- Task requirements
From the line containing "725 Sleeping Woman" to the line containing "Paxos, a small" in the records below, set down every line exactly as it stands, both ends included, and skip the pictures.

- Material supplied
+===+

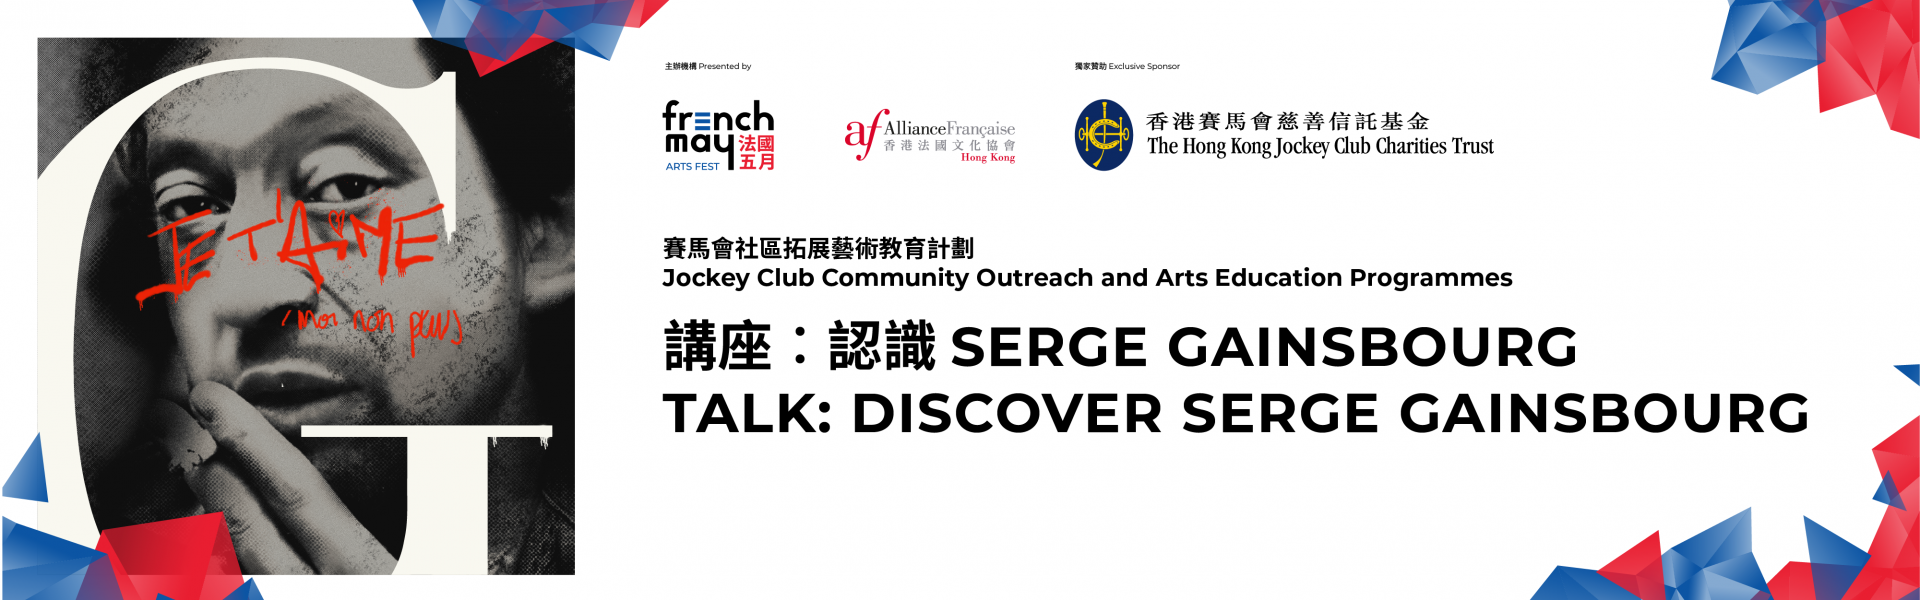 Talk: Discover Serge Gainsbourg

+===+

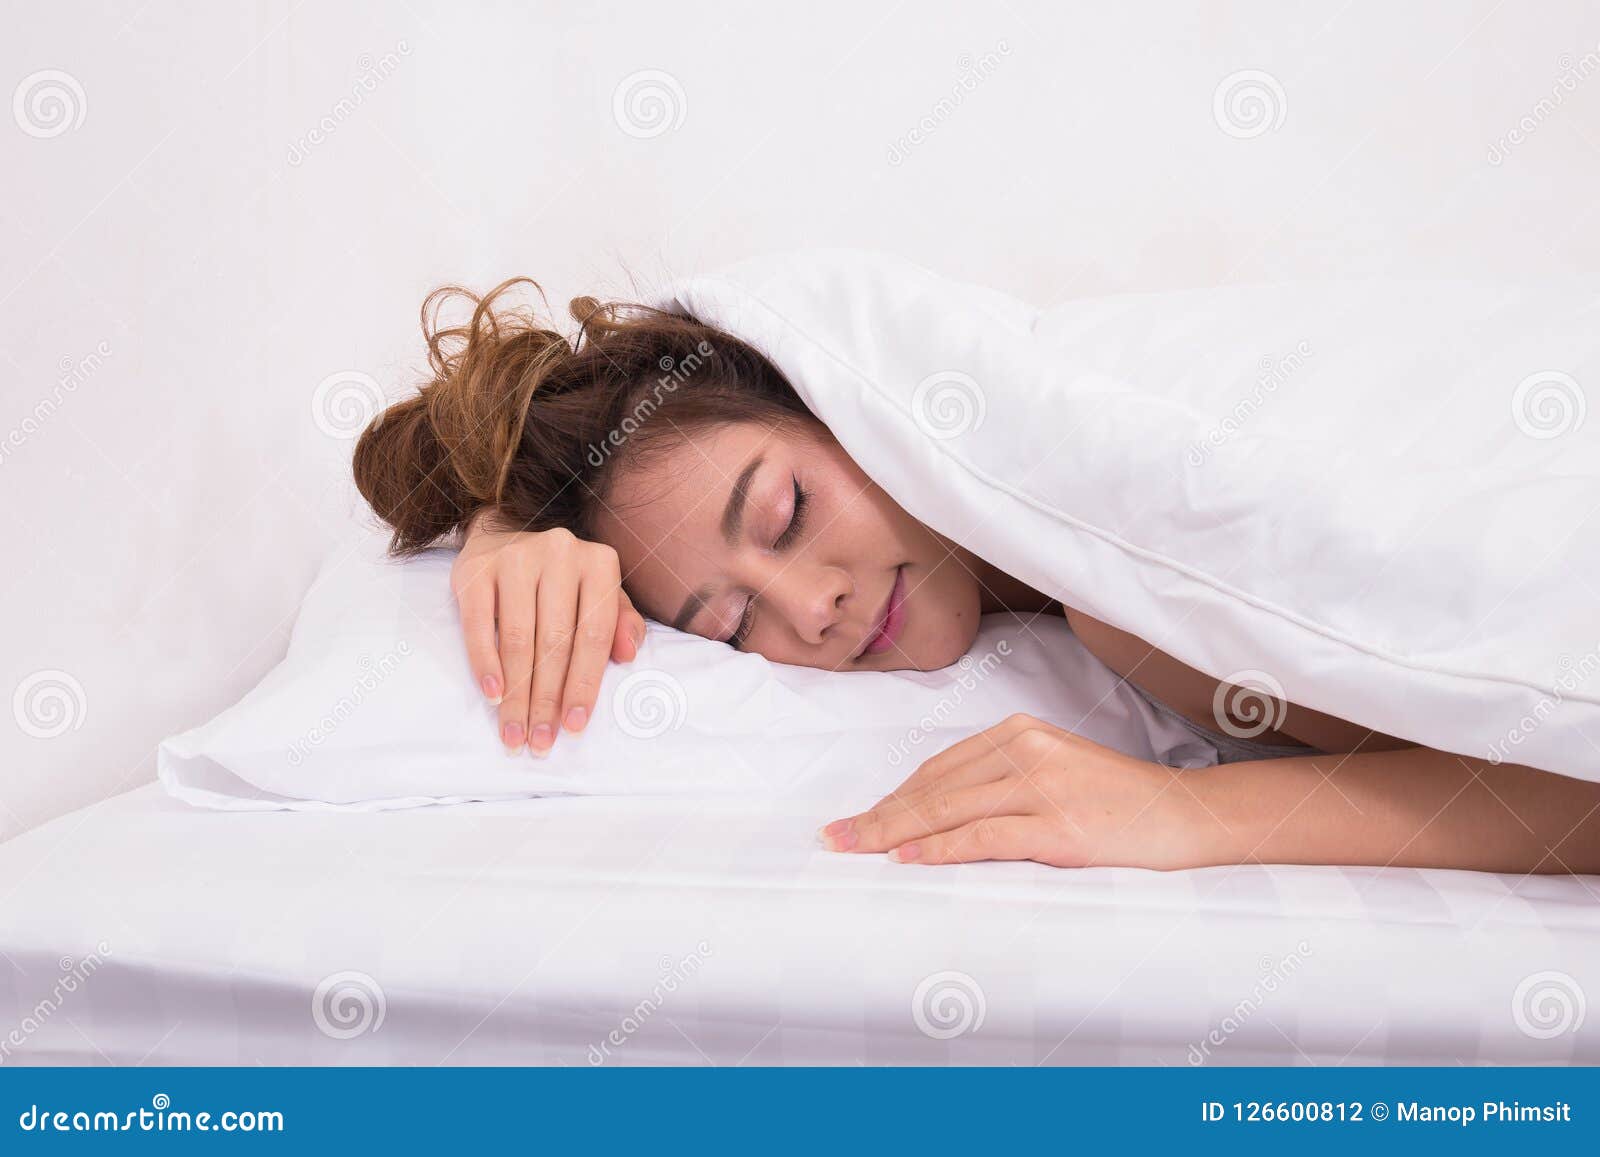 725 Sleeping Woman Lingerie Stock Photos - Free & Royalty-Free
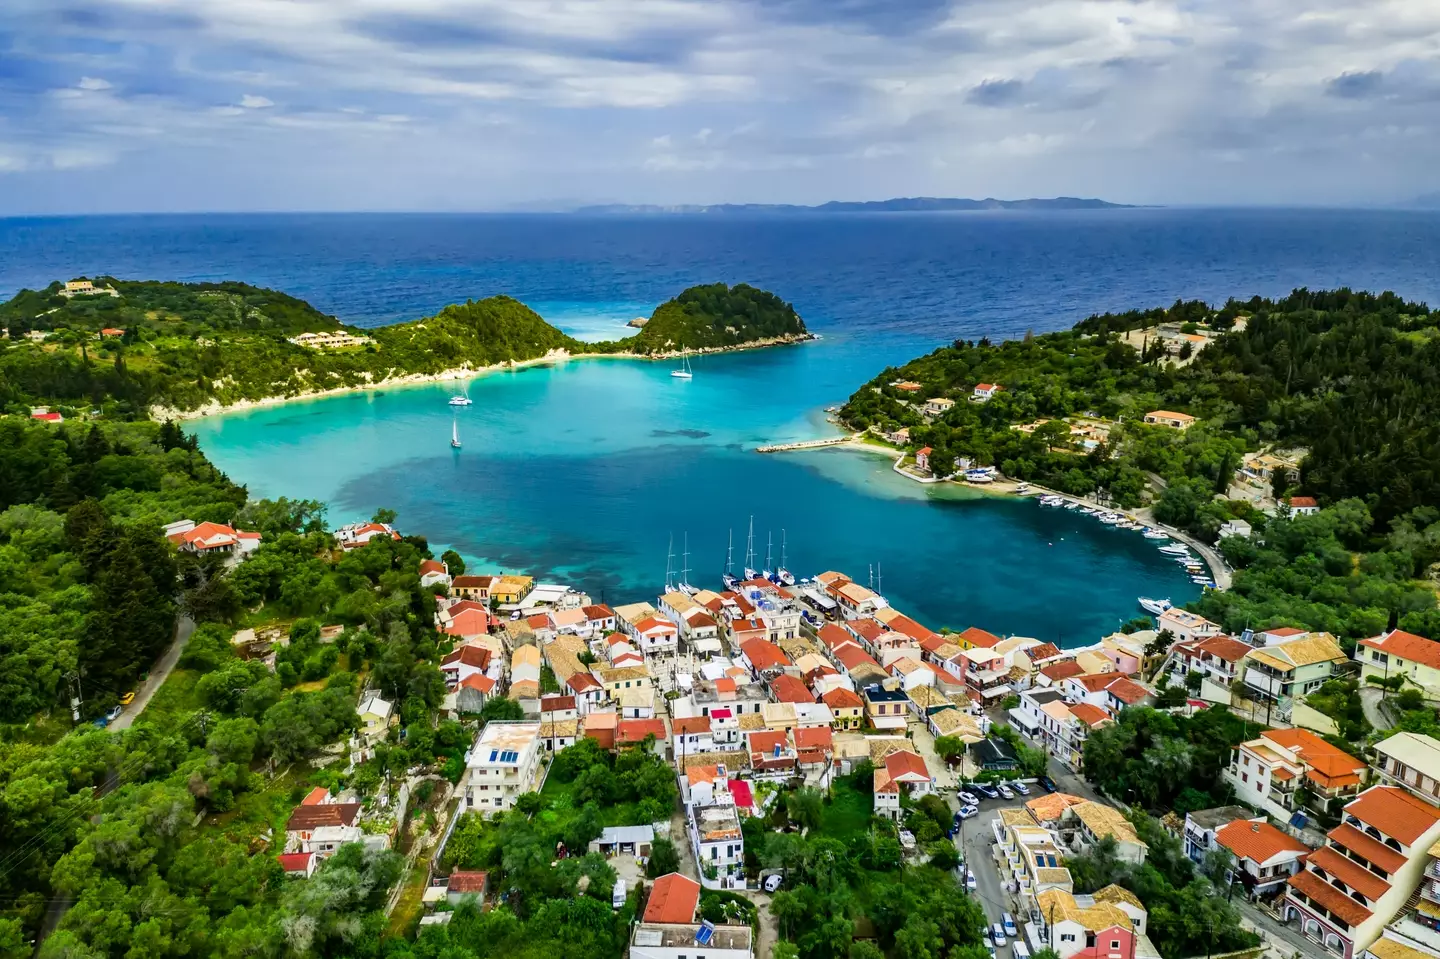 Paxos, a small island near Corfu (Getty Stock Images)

+===+

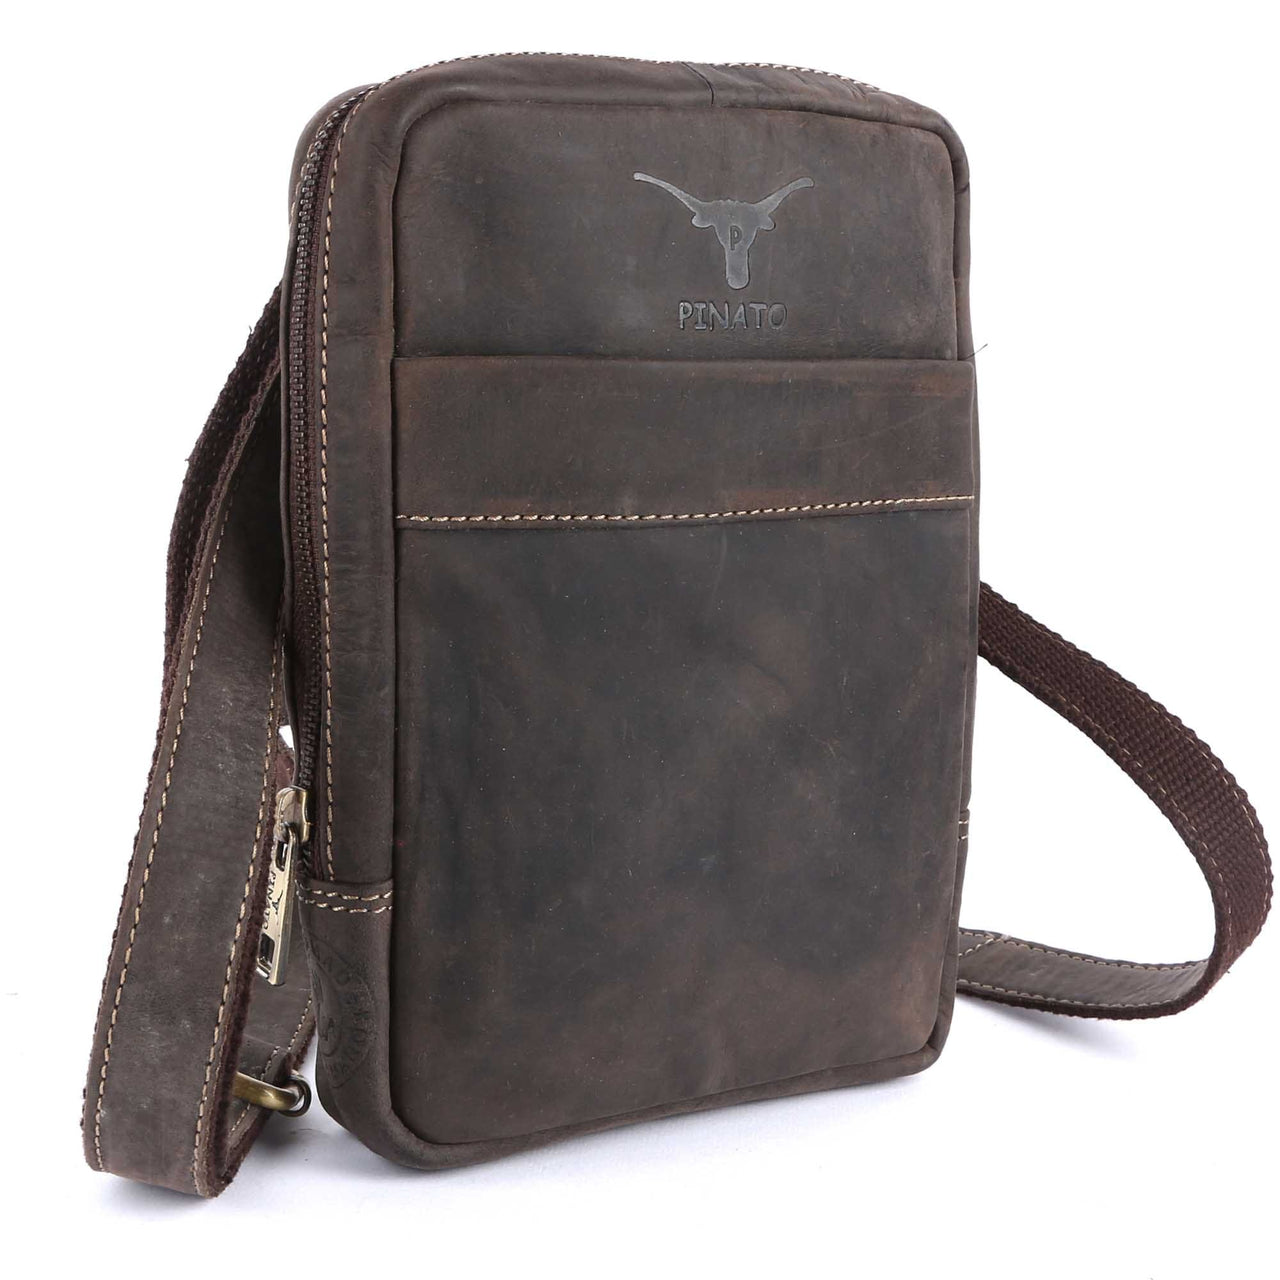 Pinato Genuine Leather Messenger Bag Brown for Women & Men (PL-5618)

+===+

- Task output
 725 Sleeping Woman Lingerie Stock Photos - Free & Royalty-Free
 Paxos, a small island near Corfu (Getty Stock Images)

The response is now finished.